#### Directions
Provide again, from the entries below, every line from the one containing "girard-perregaux-laureato-chronograph-42-mm-12.jpg" through the one containing "KEEN, Damaya Slide", exactly as written, and no other line.

#### Available data
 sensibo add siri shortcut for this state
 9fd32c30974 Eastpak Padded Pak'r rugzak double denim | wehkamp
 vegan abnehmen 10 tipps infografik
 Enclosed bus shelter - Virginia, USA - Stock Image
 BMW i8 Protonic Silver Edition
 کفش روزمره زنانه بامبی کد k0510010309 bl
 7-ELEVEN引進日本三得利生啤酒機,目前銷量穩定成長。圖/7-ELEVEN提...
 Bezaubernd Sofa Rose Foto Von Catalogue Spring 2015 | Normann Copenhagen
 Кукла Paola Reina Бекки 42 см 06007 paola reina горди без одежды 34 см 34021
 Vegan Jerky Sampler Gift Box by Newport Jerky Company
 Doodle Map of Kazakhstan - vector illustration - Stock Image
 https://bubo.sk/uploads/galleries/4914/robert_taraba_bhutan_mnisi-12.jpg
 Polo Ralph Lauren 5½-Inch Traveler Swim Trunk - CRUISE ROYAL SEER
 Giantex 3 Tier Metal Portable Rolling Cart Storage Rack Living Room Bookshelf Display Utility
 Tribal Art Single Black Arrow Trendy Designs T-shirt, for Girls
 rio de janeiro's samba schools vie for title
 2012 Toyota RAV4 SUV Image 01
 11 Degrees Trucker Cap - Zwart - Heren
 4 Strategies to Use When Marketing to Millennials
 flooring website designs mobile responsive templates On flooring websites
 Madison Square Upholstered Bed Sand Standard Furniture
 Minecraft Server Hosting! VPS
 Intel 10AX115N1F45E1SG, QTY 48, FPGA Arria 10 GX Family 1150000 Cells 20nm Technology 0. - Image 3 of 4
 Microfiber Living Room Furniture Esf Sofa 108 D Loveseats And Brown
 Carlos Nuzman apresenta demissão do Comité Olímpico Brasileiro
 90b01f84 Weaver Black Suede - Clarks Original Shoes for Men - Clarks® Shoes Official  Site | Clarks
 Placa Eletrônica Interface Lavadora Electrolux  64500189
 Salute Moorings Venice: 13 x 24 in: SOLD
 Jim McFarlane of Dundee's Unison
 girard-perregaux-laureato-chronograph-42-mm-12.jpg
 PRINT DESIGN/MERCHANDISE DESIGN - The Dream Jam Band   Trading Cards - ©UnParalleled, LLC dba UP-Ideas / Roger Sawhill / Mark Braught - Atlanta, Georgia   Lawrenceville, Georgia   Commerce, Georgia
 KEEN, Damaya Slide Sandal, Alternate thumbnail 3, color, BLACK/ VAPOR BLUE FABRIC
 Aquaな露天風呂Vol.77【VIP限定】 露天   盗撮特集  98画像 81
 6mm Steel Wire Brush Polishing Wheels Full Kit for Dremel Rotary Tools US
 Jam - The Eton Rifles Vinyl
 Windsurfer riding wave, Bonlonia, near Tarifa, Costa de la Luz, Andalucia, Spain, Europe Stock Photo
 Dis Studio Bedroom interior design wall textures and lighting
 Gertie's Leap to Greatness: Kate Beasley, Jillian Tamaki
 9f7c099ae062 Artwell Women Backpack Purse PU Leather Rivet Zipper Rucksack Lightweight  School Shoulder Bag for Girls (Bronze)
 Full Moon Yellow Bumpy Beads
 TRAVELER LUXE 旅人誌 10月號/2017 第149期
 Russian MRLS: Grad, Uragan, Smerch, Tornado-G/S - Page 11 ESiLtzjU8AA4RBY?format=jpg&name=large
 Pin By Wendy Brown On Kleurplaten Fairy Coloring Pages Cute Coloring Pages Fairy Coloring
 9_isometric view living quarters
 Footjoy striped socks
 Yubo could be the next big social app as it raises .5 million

#### Response
 girard-perregaux-laureato-chronograph-42-mm-12.jpg
 PRINT DESIGN/MERCHANDISE DESIGN - The Dream Jam Band   Trading Cards - ©UnParalleled, LLC dba UP-Ideas / Roger Sawhill / Mark Braught - Atlanta, Georgia   Lawrenceville, Georgia   Commerce, Georgia
 KEEN, Damaya Slide Sandal, Alternate thumbnail 3, color, BLACK/ VAPOR BLUE FABRIC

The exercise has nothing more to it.